» **Problem requirements**: Leaving the images aside, transcribe all the data below exactly.

» **Data shown**:
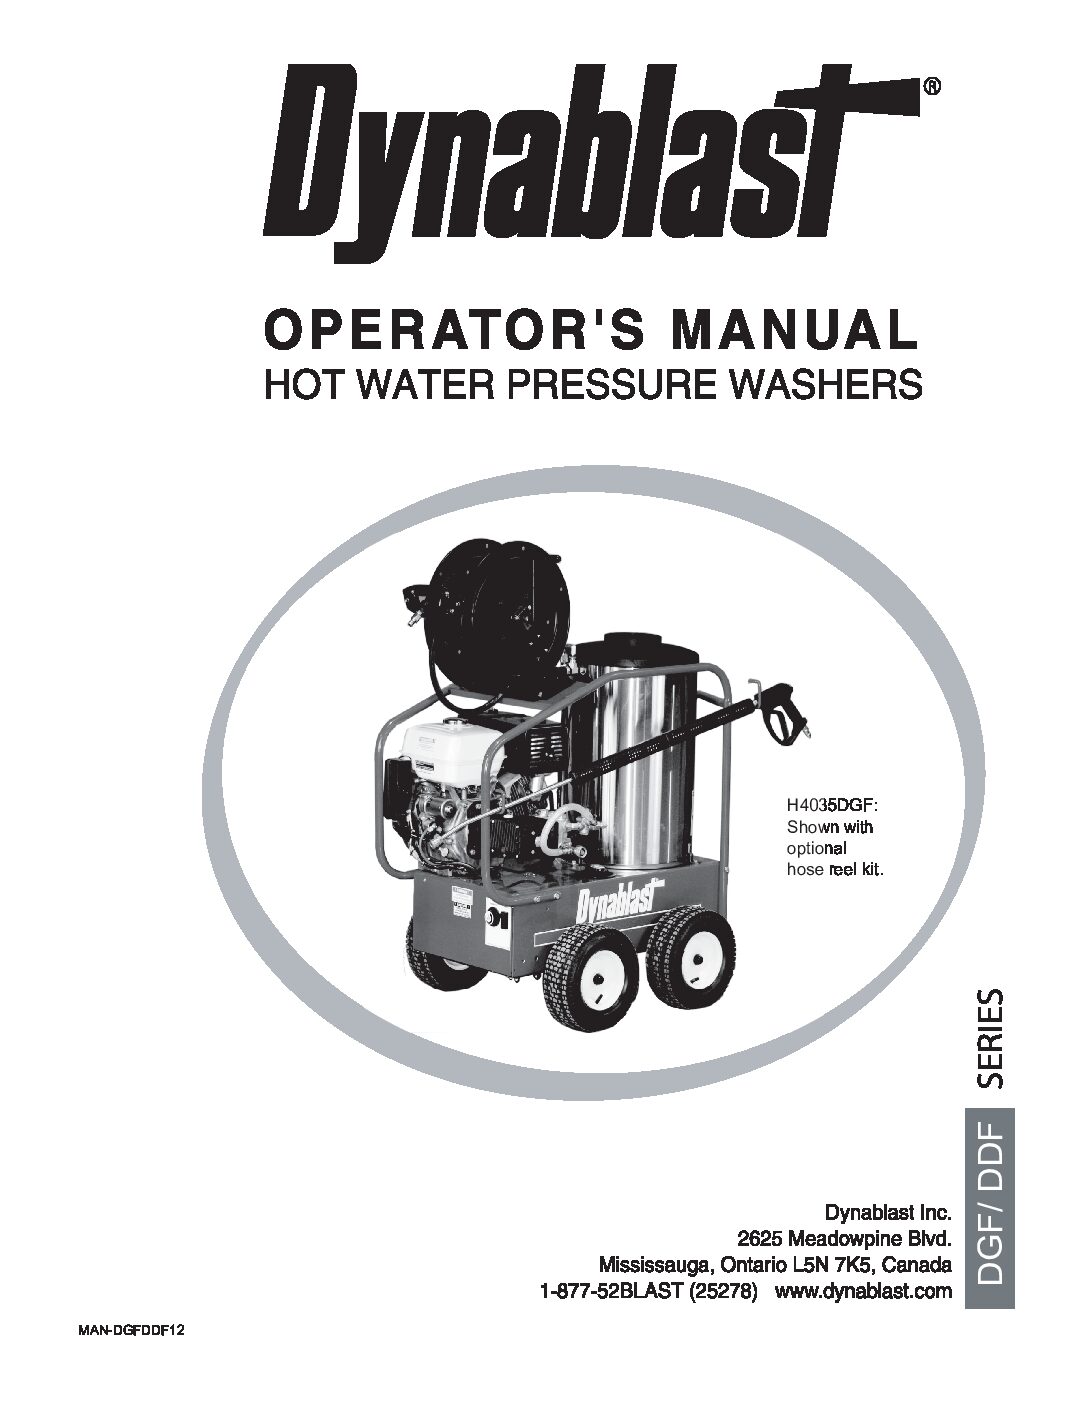 Dynablast HK4030DDF Hot Water Pressure Washer manual English
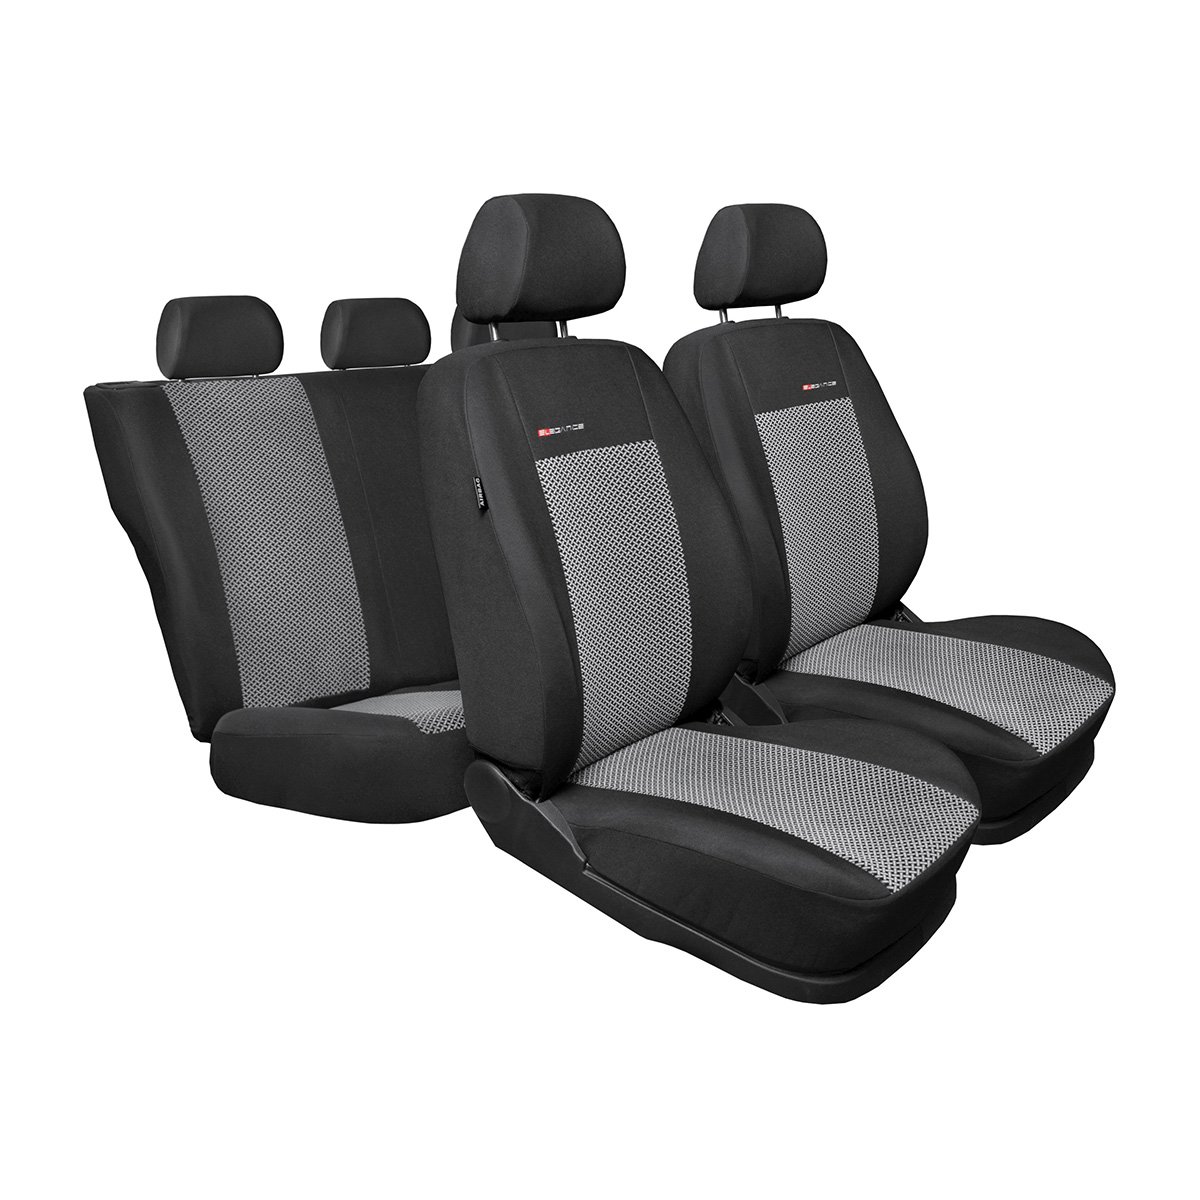 Mossa - Maßgeschneiderte Sitzbezüge Auto kompatibel mit Audi A4 B8 Avant, Limousine (2008-2015) - Autositzbezüge Schonbezüge für Autositze - E2 von Mossa
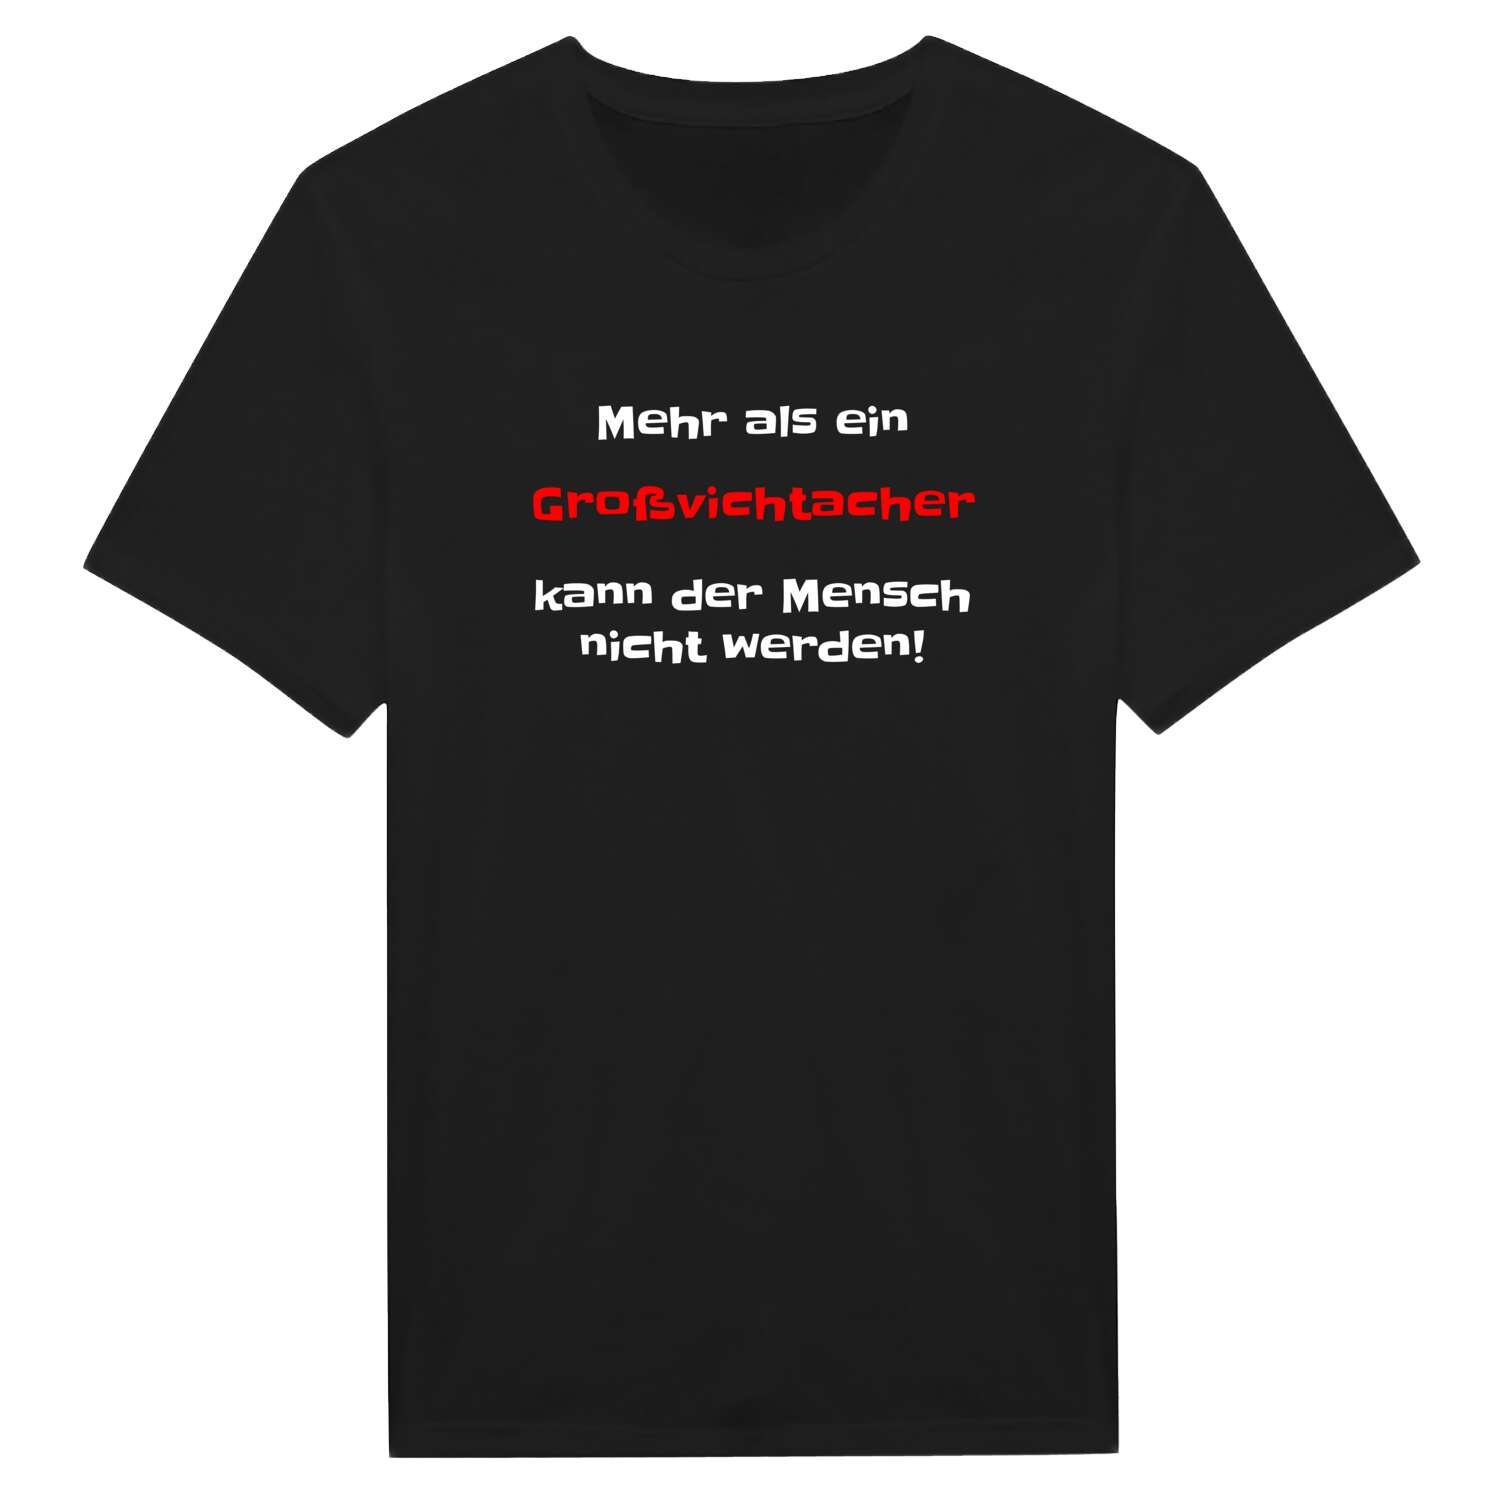 Großvichtach T-Shirt »Mehr als ein«

» **Response area**:
 Dynablast HK4030DDF Hot Water Pressure Washer manual English
 Mossa - Maßgeschneiderte Sitzbezüge Auto kompatibel mit Audi A4 B8 Avant, Limousine (2008-2015) - Autositzbezüge Schonbezüge für Autositze - E2 von Mossa
 Großvichtach T-Shirt »Mehr als ein«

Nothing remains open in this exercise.